What do you think of the Dynamic tone mapping in the LG 2018 oleds?
I've been using it because it's on by default and everyone say that it makes the image look better, but it makes kind of difficult to calibrate certain games HDR settings.
I can't speak from first hand experience, as I don't own that display, but I can tell you what I think based upon what I know about image processing.
I personally wouldn't use it as technically in order to tonemap a moving image correctly (without pre-manufactured metadata), you need to know what is coming up so you can scale the shadows, mids and highs appropriately. This change is not only occuring within a single frame, but across a series of frames.
Think about exiting a tunnel ot walking through a dark room to the outside. When it's dark the dynamic tone mapper needs to make a decision about what to do with the image.
Should it lift the brightness in order to help improve visability in the shadows, this however comes at the expense of clipping white detail
Should it make the outside visible , but the inside becomes very dark
Or should the shadow detail be lifted and the highlights reduced to preserve detail, you flatten the image and reduce overally contrast and dynamic range, but maintain detail.
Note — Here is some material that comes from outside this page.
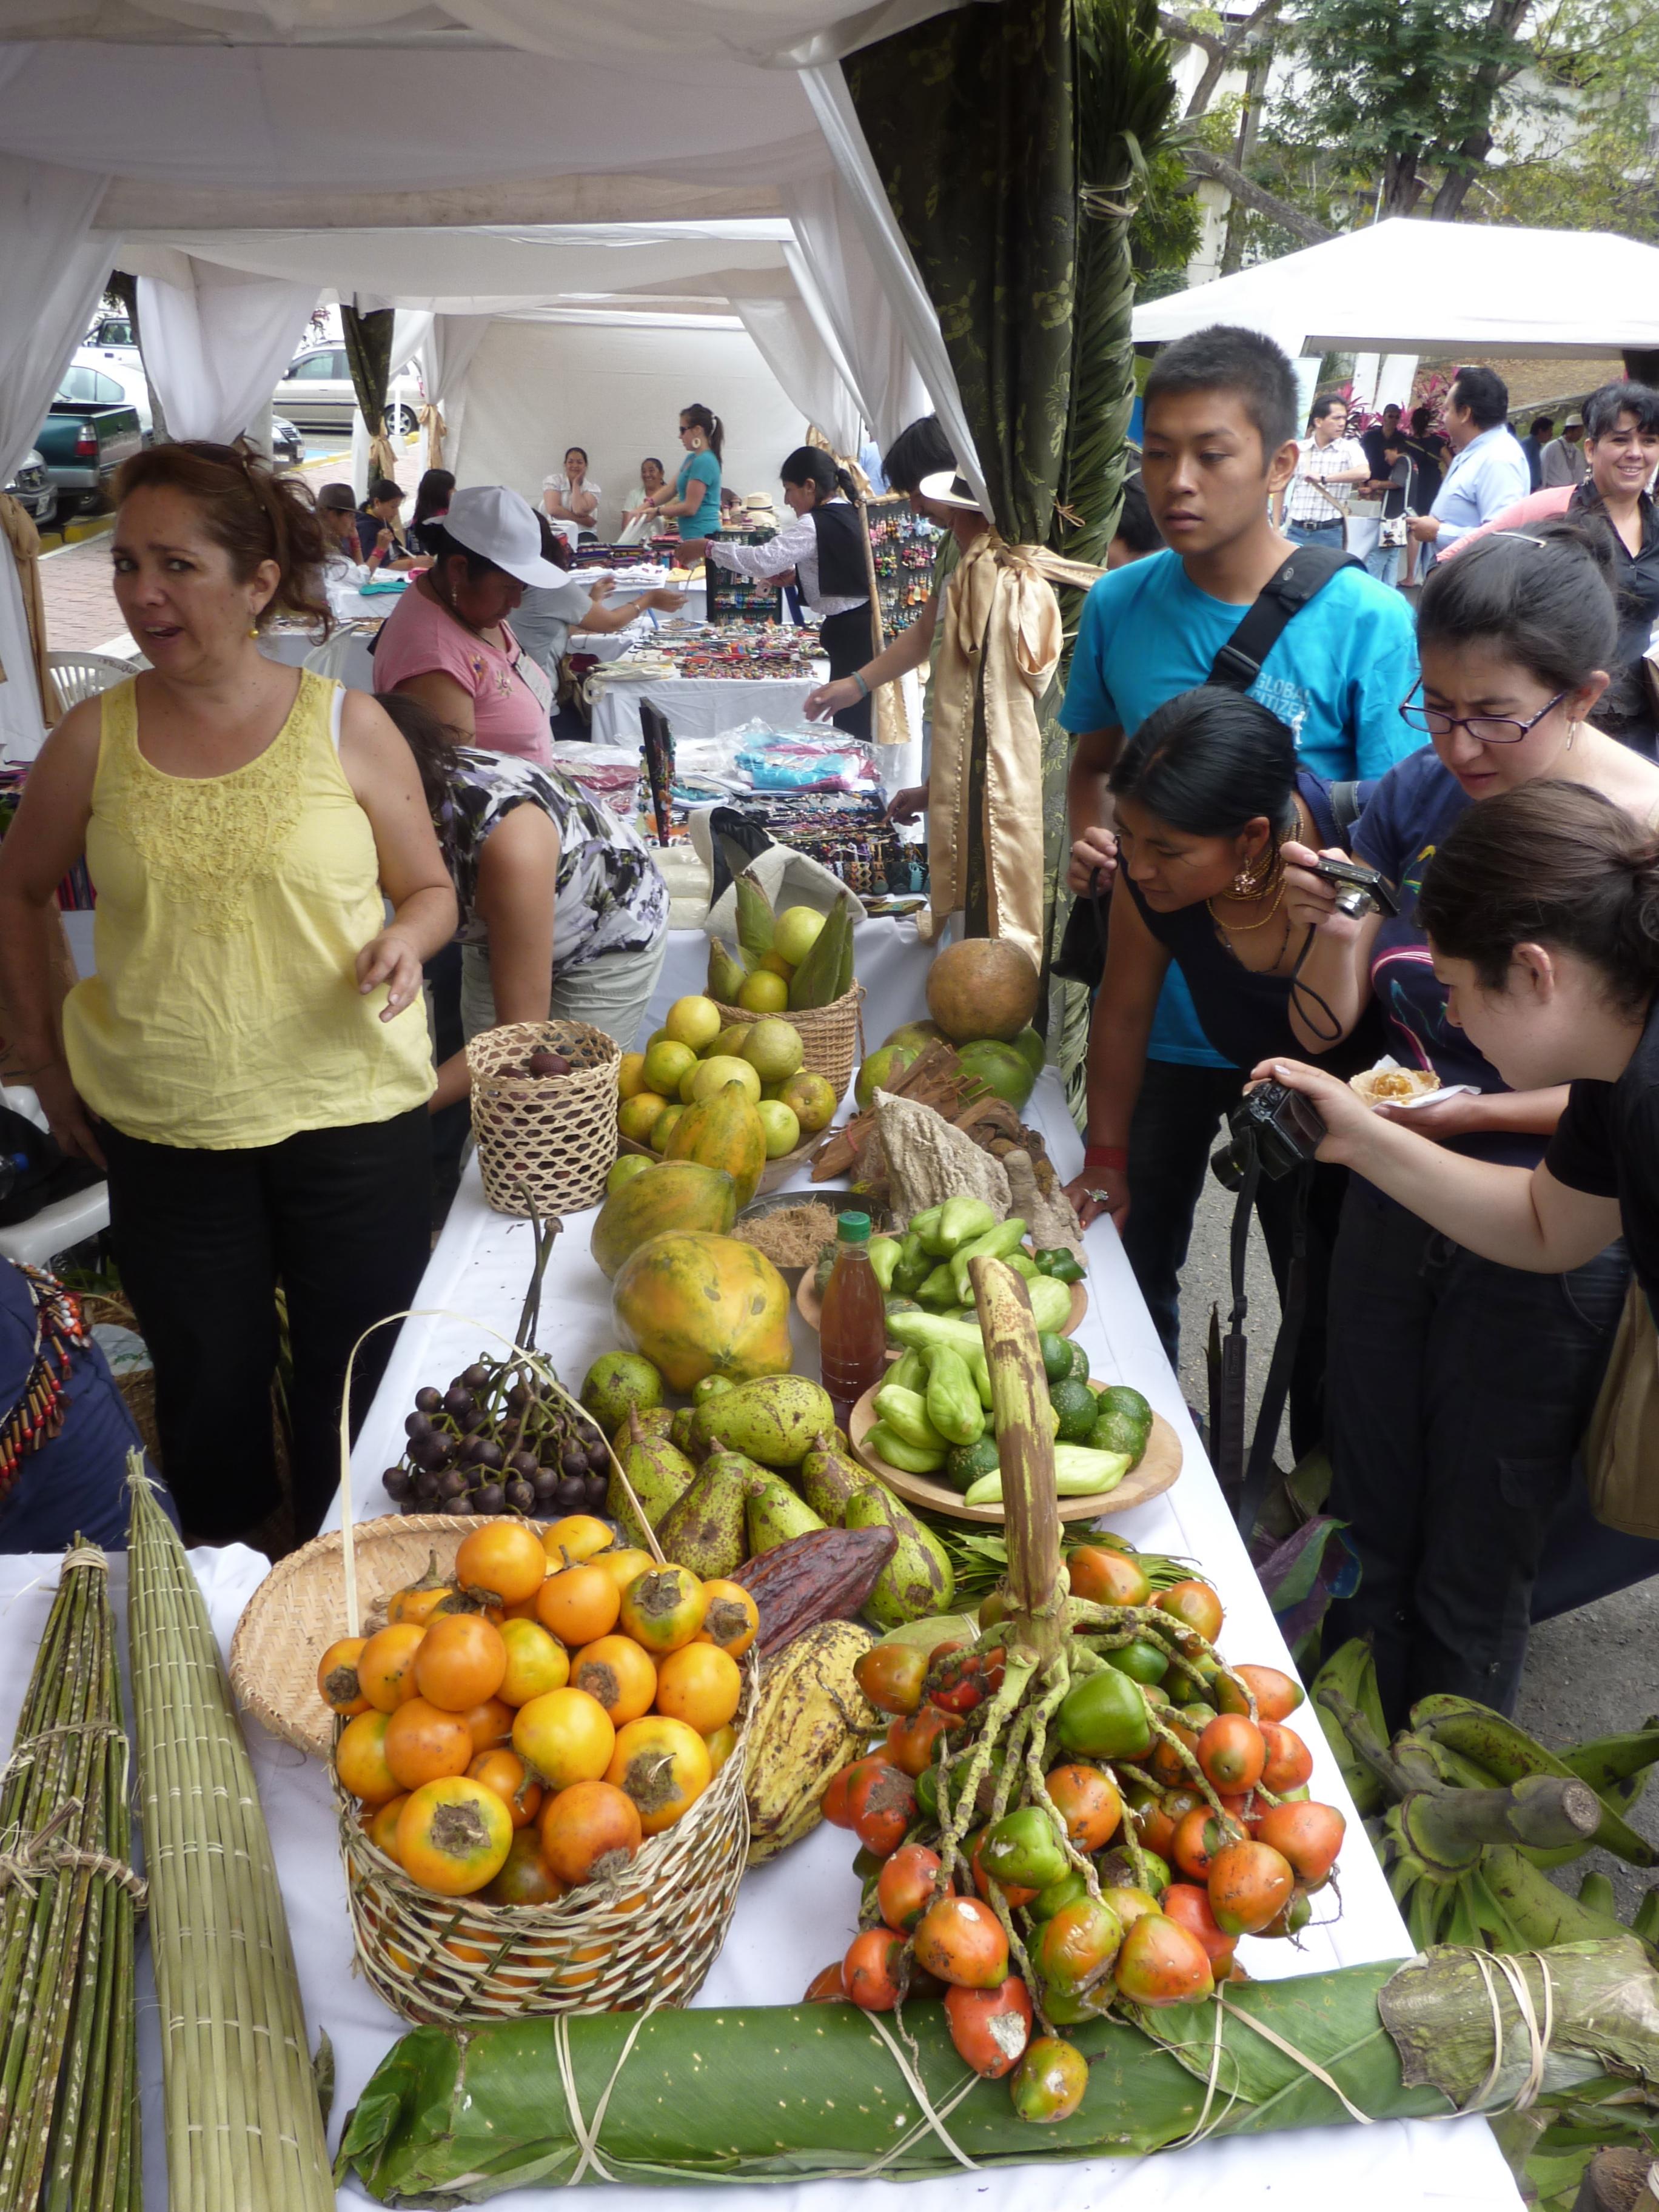 Market of organic goods

Now the display cannot possibly know what you are going to do next and how should it translate whatever decision it has made the the next action that is appearing on screen.
With movie content you can read ahead and look at what is coming to influence the current part of the image, but you cannot do that with a videogame (without inducing serious latency), so I doub't it's effectiveness.
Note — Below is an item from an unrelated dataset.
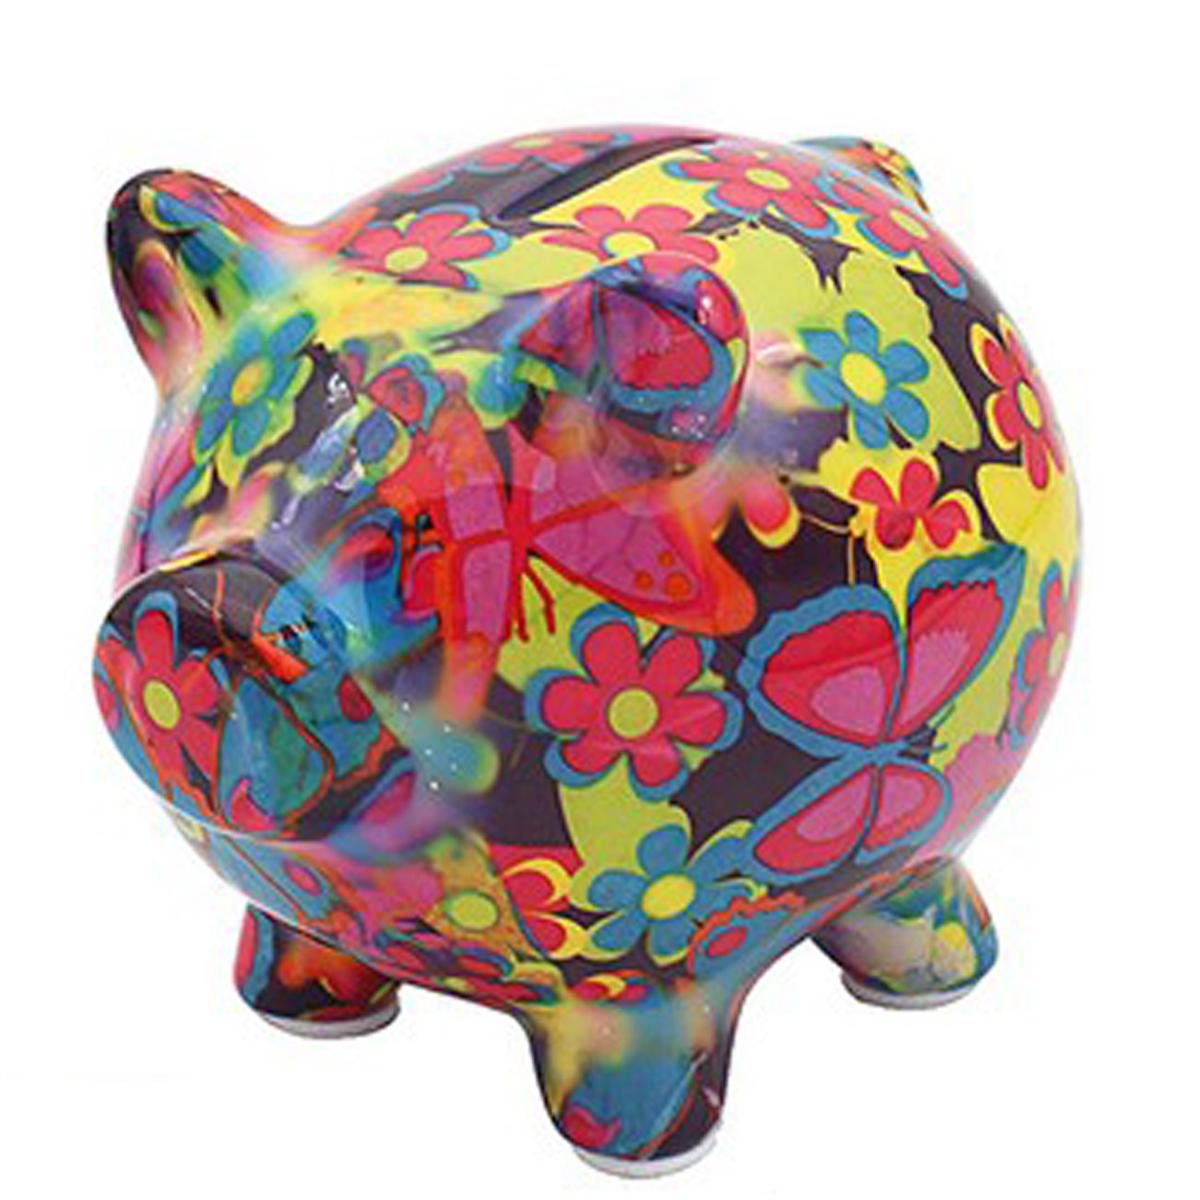 Tirelire céramique \'Cochon\' multicolore - 11x9x9 cm - [R2703]

This stuff is usually done by hand for movies based upon how they want a given scene and it is done programatically for videogames, because the in game tonemapper has a lot of information at any given point about what is the object in focus, your speed of movement and whether or not you are likely to exit that tunnel or not (in Shadow of the Tomb Raider you can occasionally see yourself stepping over a trigger that affects the exposure and tonemapping in exactly this situation)
You'll have come across the same thing with your smartphone camera struggling to decide how to tone map the HDR data of the real world into the very small dynamic range of you screen.
But anyway, back to your TV,
If you see any kind of swelling or pulsing of Dark or bright scenes, then you know that is the Dynamic Tone mapping in action however in a videogame where there is already a lot of tone mapping an exposure adjustment happening from the game engine, then you may not be able to even see it. Because it is a post process on to of the already tone mapped image, it may have the potential to excerbate banding. If it looks better to you, it looks better.
The Dynamic contrast on my Samsung display doesn't appear to actually do anything Dynamically in game mode, it appears to be varying degress of lifting the shadows and mid tones almost statically. If the LG set's behave in even a slightly similar way, then it may be something that you engage if you are in a sub optimal (light) viewing environment.